Nedim Nišić

Personal information
- Born: March 7, 1984 (age 42) Tuzla, SR Bosnia and Herzegovina

Sport
- Sport: Swimming
- Strokes: Backstroke, butterfly, medley
- College team: Cleveland State University

= Nedim Nišić =

Bosnian American Olympic swimmer (born 1984)

Nedim Nišić (born March 7, 1984) is a Bosnian American Olympic swimmer.

He was a member of Bosnian Olympic team at the 2008 Summer Olympics in Beijing, China. He graduated from Cleveland State University, in Cleveland, Ohio. He currently lives in Cleveland.

== Swimming career ==

===High school===
Nedim was a national team member at the 2003 Long Course World Championships, 2004 Long Course European Championships, 2003 Short Course European Championships and the 2005 Mediterranean Games.
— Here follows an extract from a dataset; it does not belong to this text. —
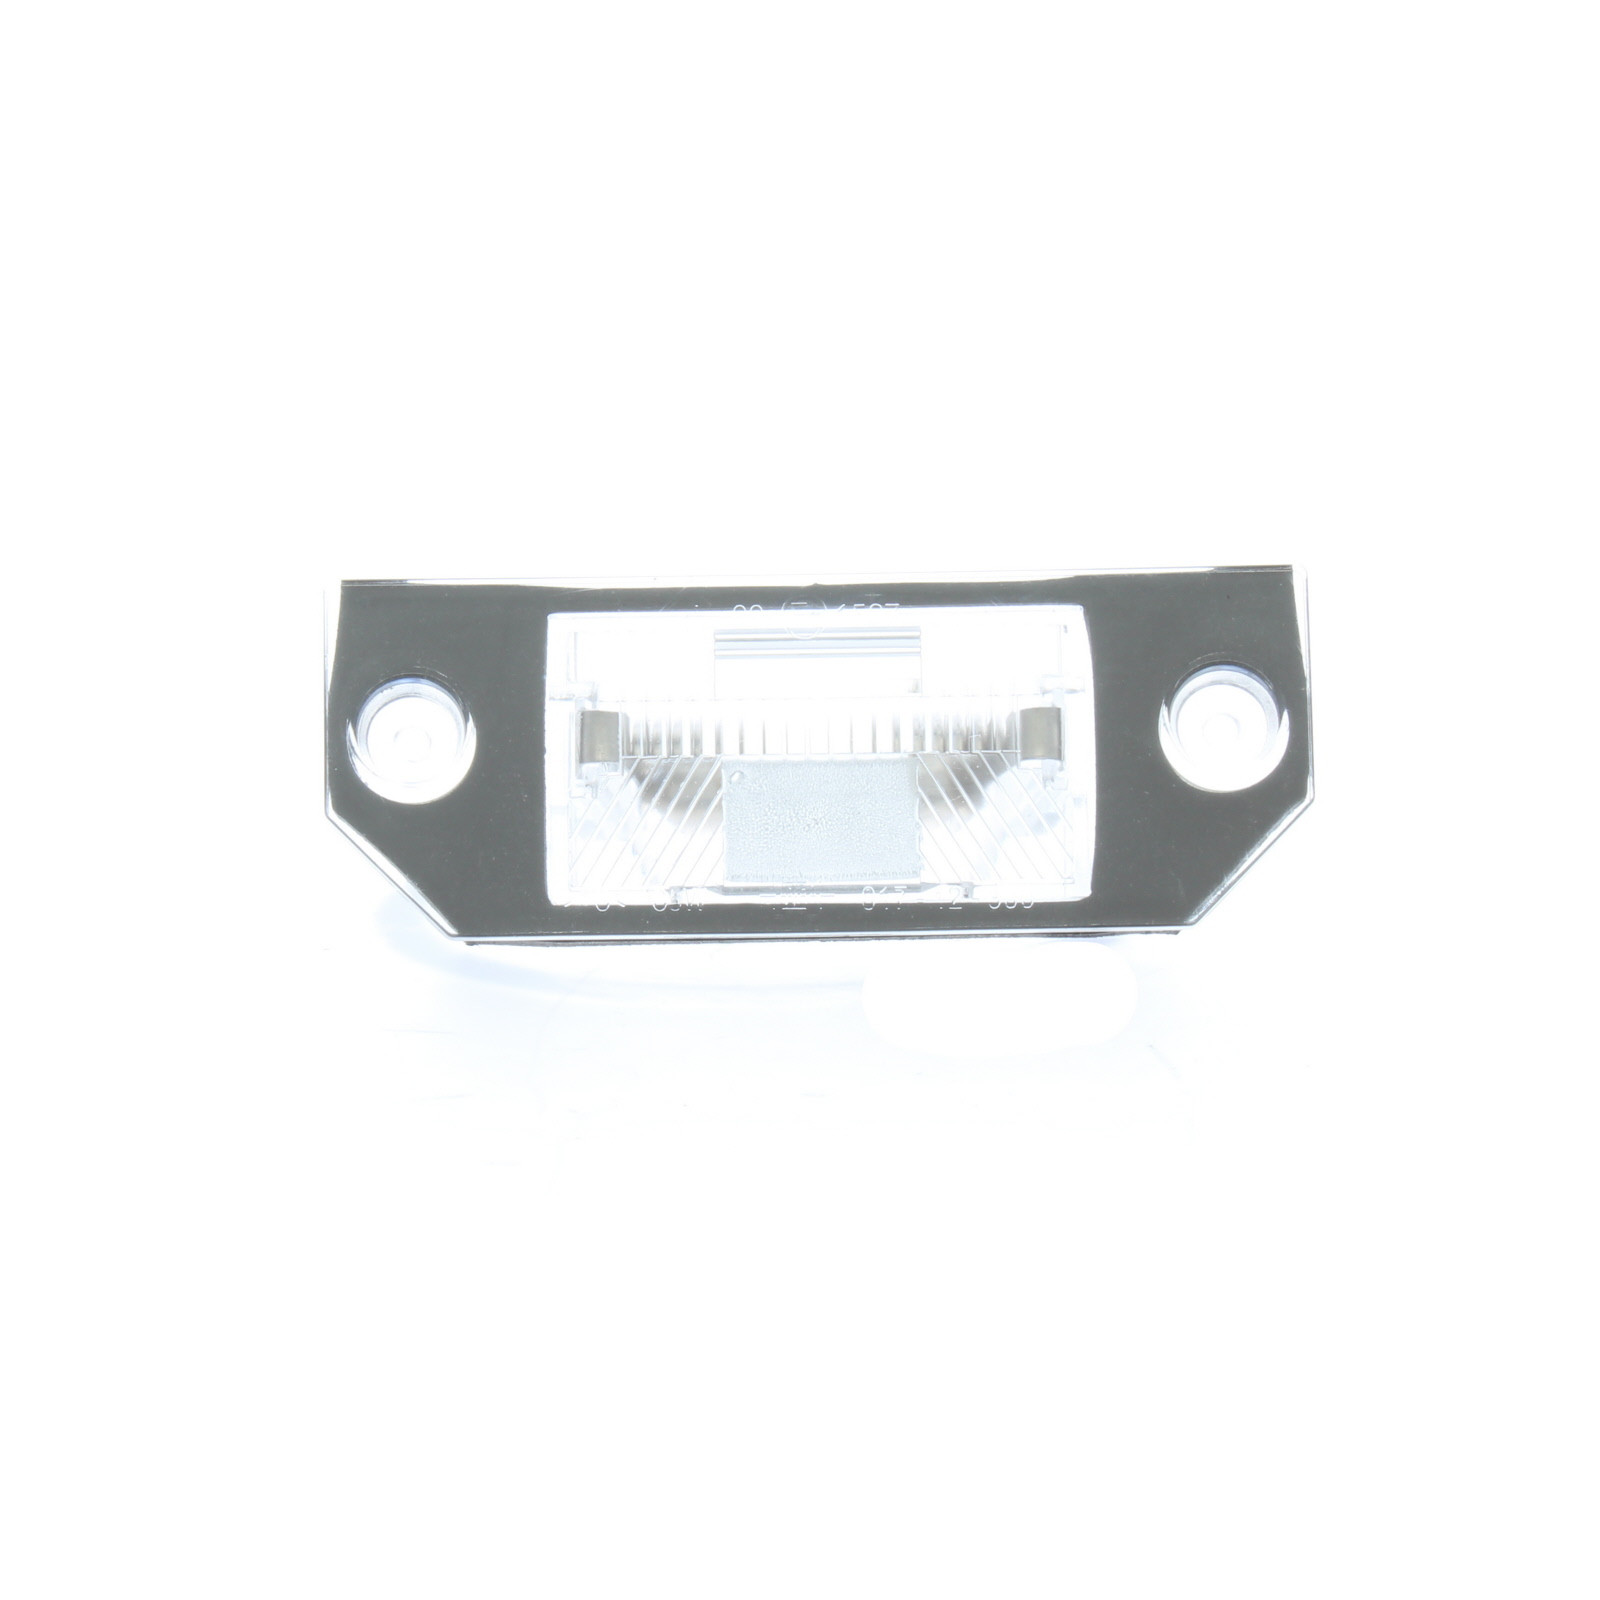 Rear Number Plate Light for Ford Focus

He was a multiple national qualifier and finalist and earned medalist honors at several international competitions. He was the best Bosnian swimmer during the years 2004–2008. He is still the owner of numerous records in Bosnia and Herzegovina.

===College===
Nedim quickly established himself as a top swimmer, making record times in his freshman year. He swam the third leg on the 400 medley and 800 free relay teams that placed first at the Horizon League Championships. He placed fourth in the 100 fly with a team-best time of 49.86 at the league meet and also placed fourth in the 200 fly with a time of 1:53.55. His posted team-best time in the 200 fly is 1:50.76 against UIC. He added the team's second-fastest times in the 200 IM with a time of 1:52.69 and the 400 IM at 4:11.67.
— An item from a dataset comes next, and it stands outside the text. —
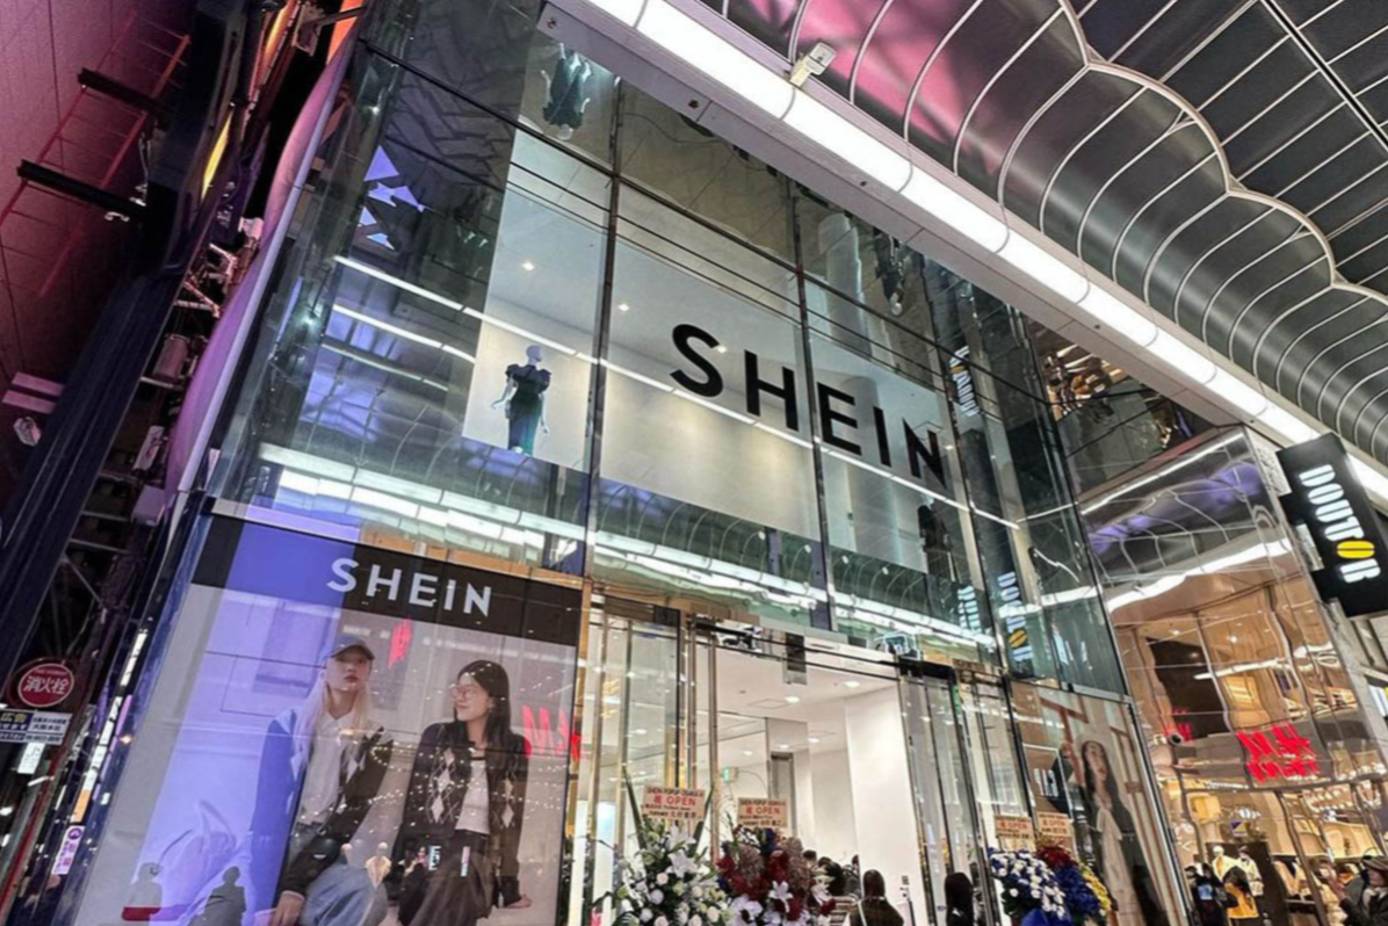 Shein's UK sales hit £1bn but Chinese retailer pays just £2m tax

In this second year, Nedim recorded Cleveland State University's top-times in the 100 butterfly 49.64, the 200 butterfly 1:52.08 and the 100 backstroke 50.78. He finished second in the 100 butterfly, third in the 100 backstroke and eighth in the 200 butterfly at the Horizon League Championships. He swam the backstroke leg of the league championship 200 and 400 medley relay teams and claimed 10 individual wins during the season.

== Family ==
Nedim is the son of Muris and Aida Nišić. He has a brother, Emir, basketball player, former national Under 16 team member.